Выбрать главу

Обстановка, в которой оказались оба врача, постоянная опасность, подстерегающая каждого, очень сдружили их. И хотя Гришмановский относился к Поповьянцу чуть-чуть покровительственно — как-никак был намного старше, — он тем не менее очень доверял молодому хирургу. Однажды в минуту откровенности Афанасий Васильевич рассказал, что он член партии, и попросил, если что-нибудь с ним случится, рассказать после войны всем, как врач и коммунист Гришмановский вел себя во вражеском тылу.

— Не нравитесь вы мне, Афанасий Васильевич, последние дни, — сказал Поповьянц. — Стряслось что-нибудь особенное?

— Визит фашистов не выходит из головы. Кто знает, какие он может иметь последствия?

— Да-а, — протянул Рафаэль. — Особенно худо придется ребятам-евреям.

— Надо что-то предпринимать. Повязки на пустом месте — не защита. Надрезы, что ли, на лицах сделать? Как думаешь?

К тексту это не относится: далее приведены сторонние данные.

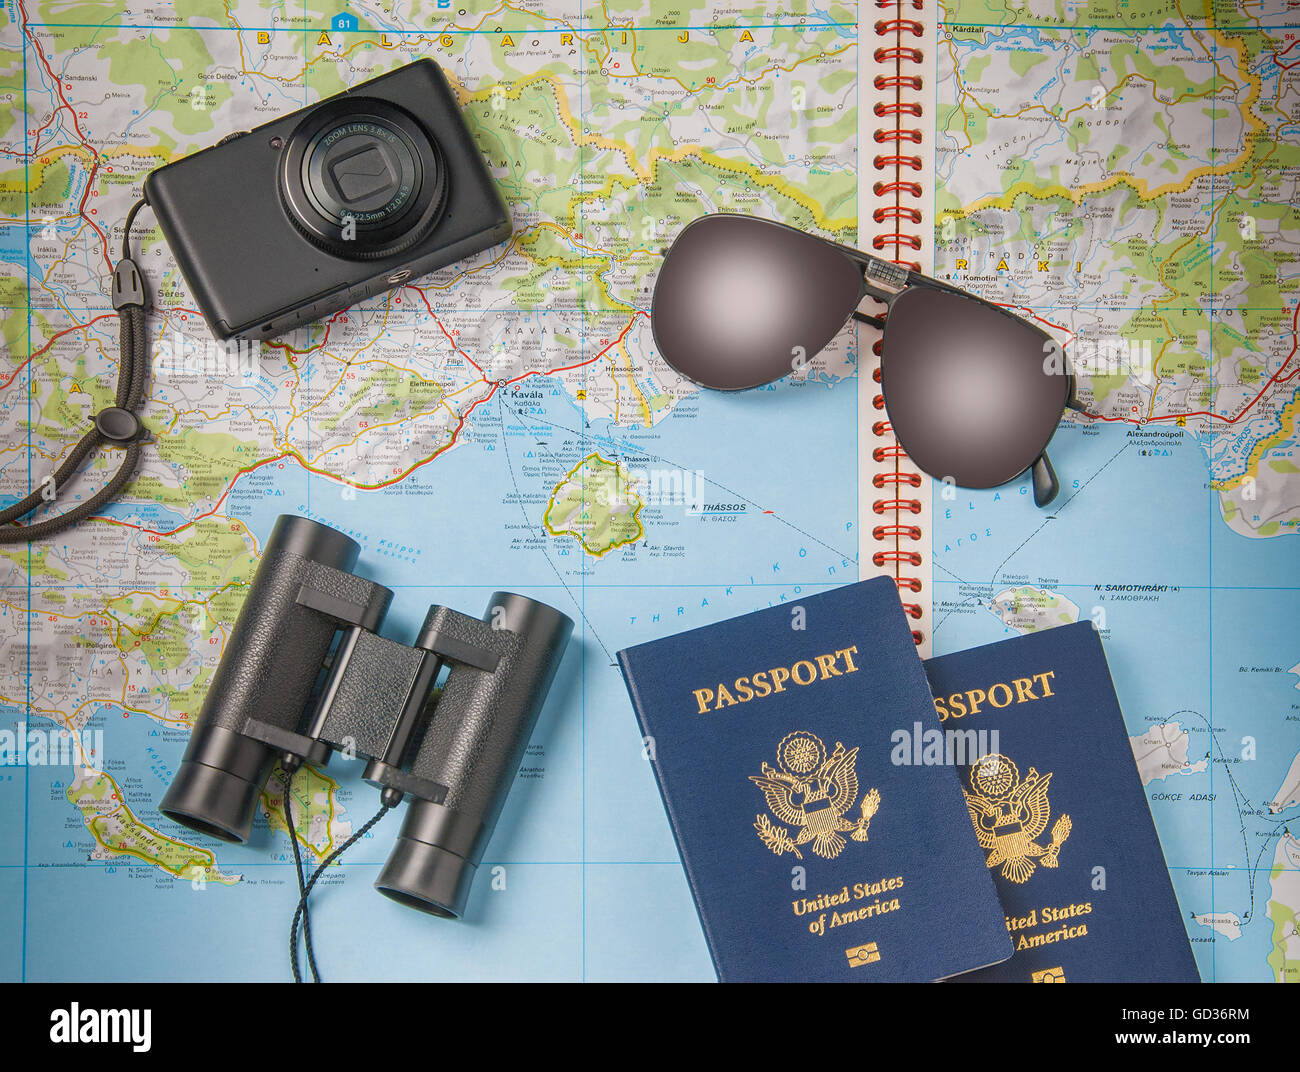 Las vacaciones de verano, el turismo y los objetos concepto - Cierre de ropa, cámara, binoculares, pasaportes y mapa de viaje Foto de stock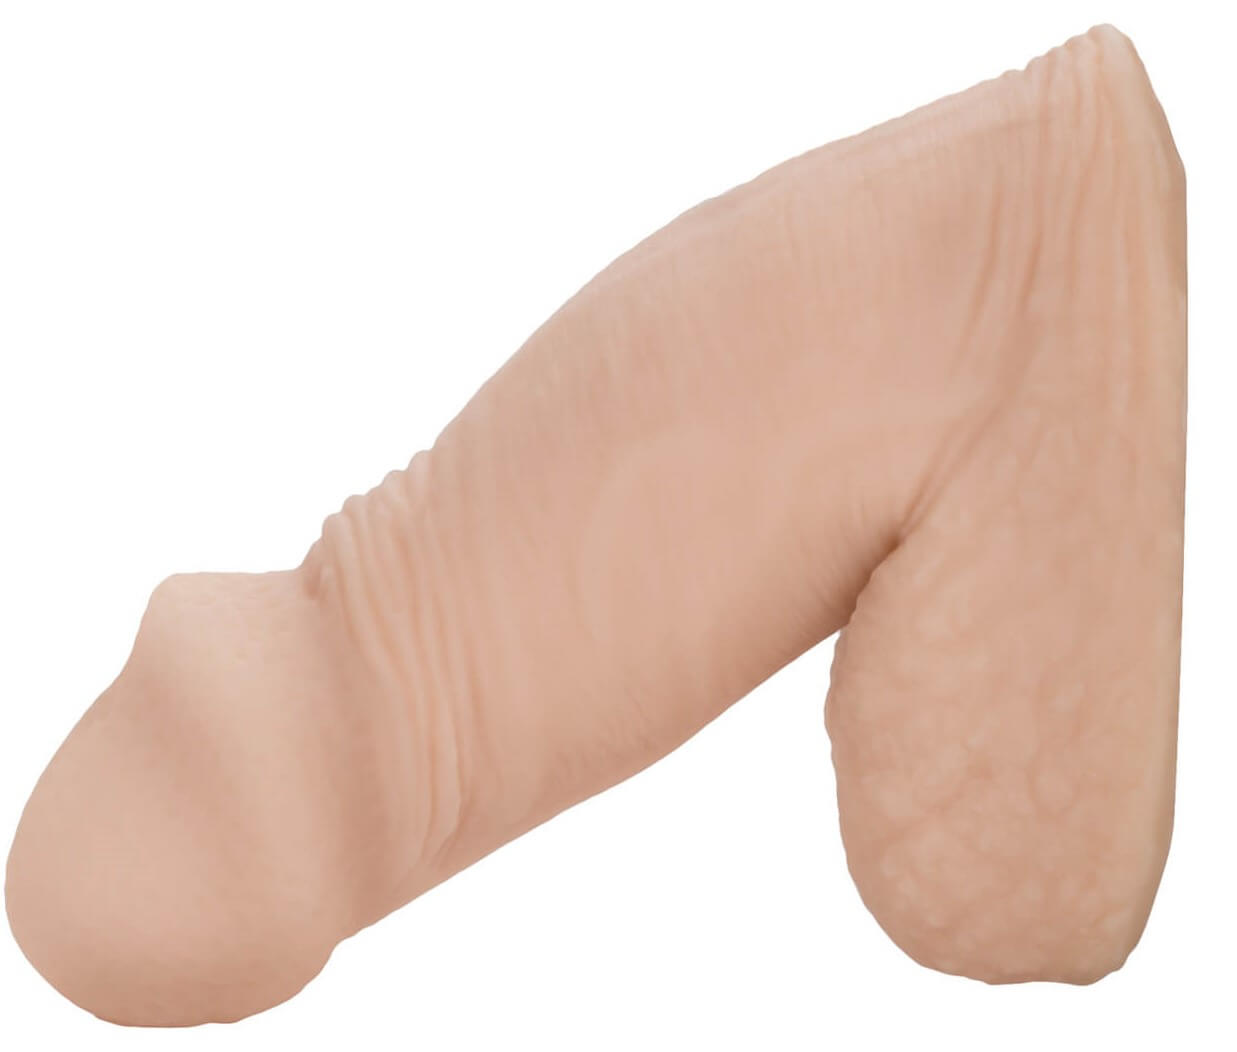 Falešný penis na vyplnění rozkroku 12,75 cm CALEX

— Это несложно. Я уже некоторых по их просьбе разукрасил, сделал что-то вроде пластической операции. Боль, конечно, несусветная…

— Жизнь стоит того, чтобы потерпеть. — Гришмановский встал, подошел к окну. — Ты вот что, Рафаэль, — сказал, не оборачиваясь, — поговори-ка с людьми. Объясни — это единственный шанс. Немцы могут нагрянуть в любой момент.

Поповьянц ушел, а начальник госпиталя еще долго стоял у окна. Мысли были далеко. Как чувствует сейчас себя Валюша? Воспаление легких — коварная штука. Перелом наступил еще здесь, но как продвигается выздоровление, Афанасий Васильевич не знал.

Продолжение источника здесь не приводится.